# Participação de meteorologista em programa da TVI



## AndréFrade (20 Abr 2010 às 16:07)

> A meteorologista Paula Leitão participará no programa “As tardes da Júlia” da TVI, durante a tarde de amanhã, dia 21 de Abril.
> 
> Deste programa diário irá constar uma rubrica dedicada à meteorologia, onde será abordado o tema “Tornados”, área em que a meteorologista tem realizado diversos trabalhos de carácter científico, contribuindo desta forma para esclarecer a população sobre as questões associadas ao tema.



Dados do IM aqui


----------



## Pixie (20 Abr 2010 às 17:56)

Epa, detesto a Julia... mas pronto, vou ver


----------



## Gilmet (20 Abr 2010 às 20:42)

A qualquer dia da semana, por essa hora, não tenho condições para poder ver o programa _(leia-se actividade escolar)_.

Só espero é que a meteorologista chame os Tornados pelo seu nome, inclusivé os que ocorrem em território nacional.


----------



## ac_cernax (20 Abr 2010 às 22:02)

Gilmet disse:


> A qualquer dia da semana, por essa hora, não tenho condições para poder ver o programa _(leia-se actividade escolar)_.
> 
> *Só espero é que a meteorologista chame os Tornados pelo seu nome*, inclusivé os que ocorrem em território nacional.

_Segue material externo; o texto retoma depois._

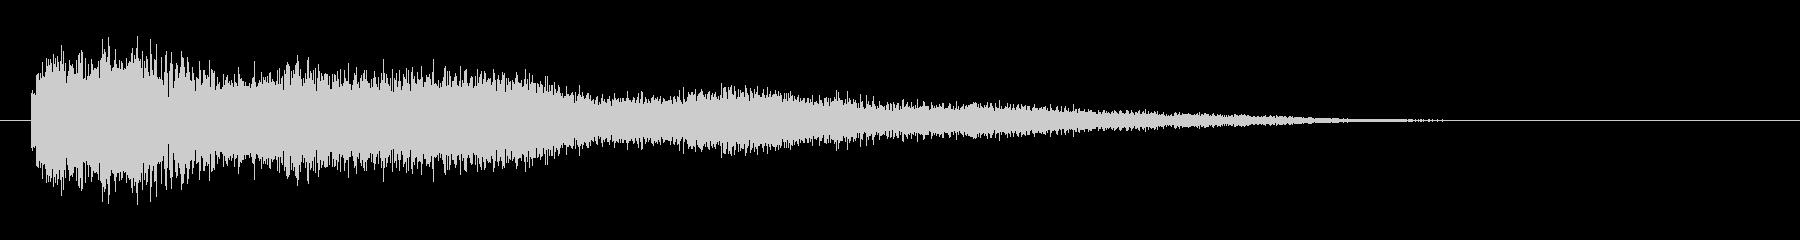 ボーン(破裂、爆発音)余韻付きの未再生の波形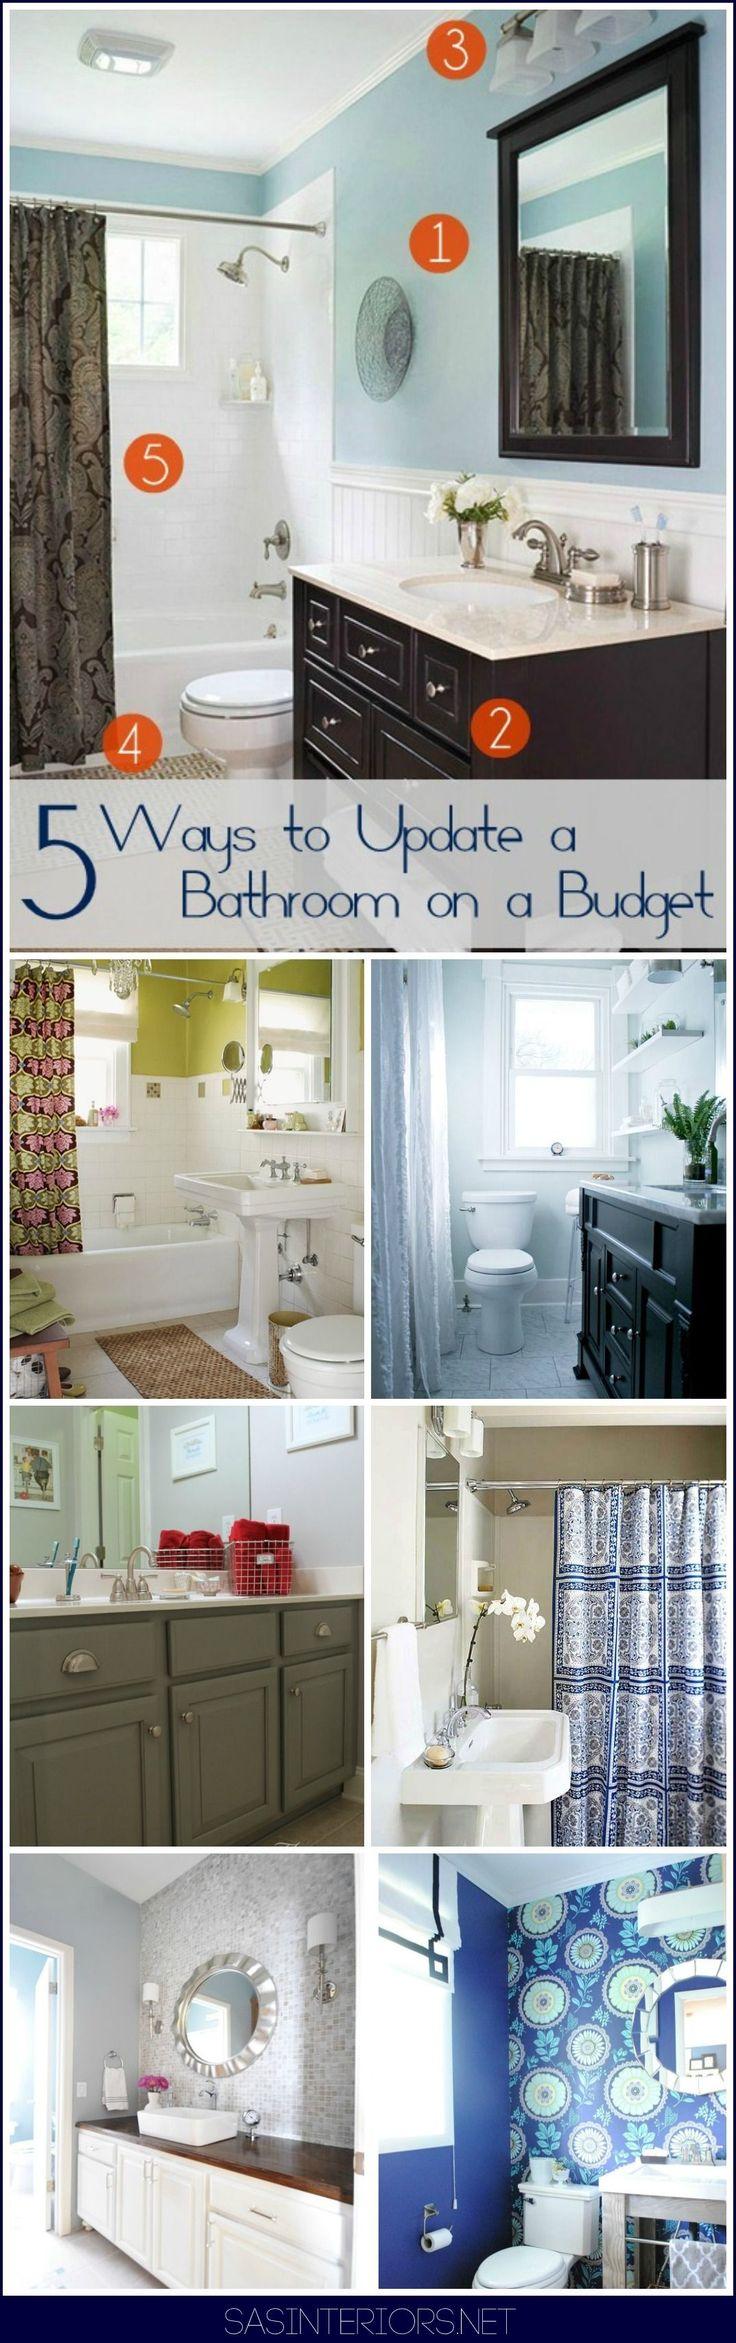 Id id ideas de cocina de los pa ses de bricolaje - 5 Ways To Update A Bathroom On A Budget

Também pensei logo nisso quando vi o tema que irá ser abordado.

A Júlia é que ainda não se lembrou de convidar aqui o pessoal para uma rubrica sobre meteorologistas amadores.


----------



## AnDré (21 Abr 2010 às 16:02)

Deve estar quase a dar.


----------



## thunderboy (21 Abr 2010 às 16:13)

Olhos colados na TVI
 O dia da erradicação dos "mini" parece estar mais próximo


----------



## Thomar (23 Abr 2010 às 21:55)

Eu, por questões profissionais não vi o programa, mas estou curioso...
alguém viu?


----------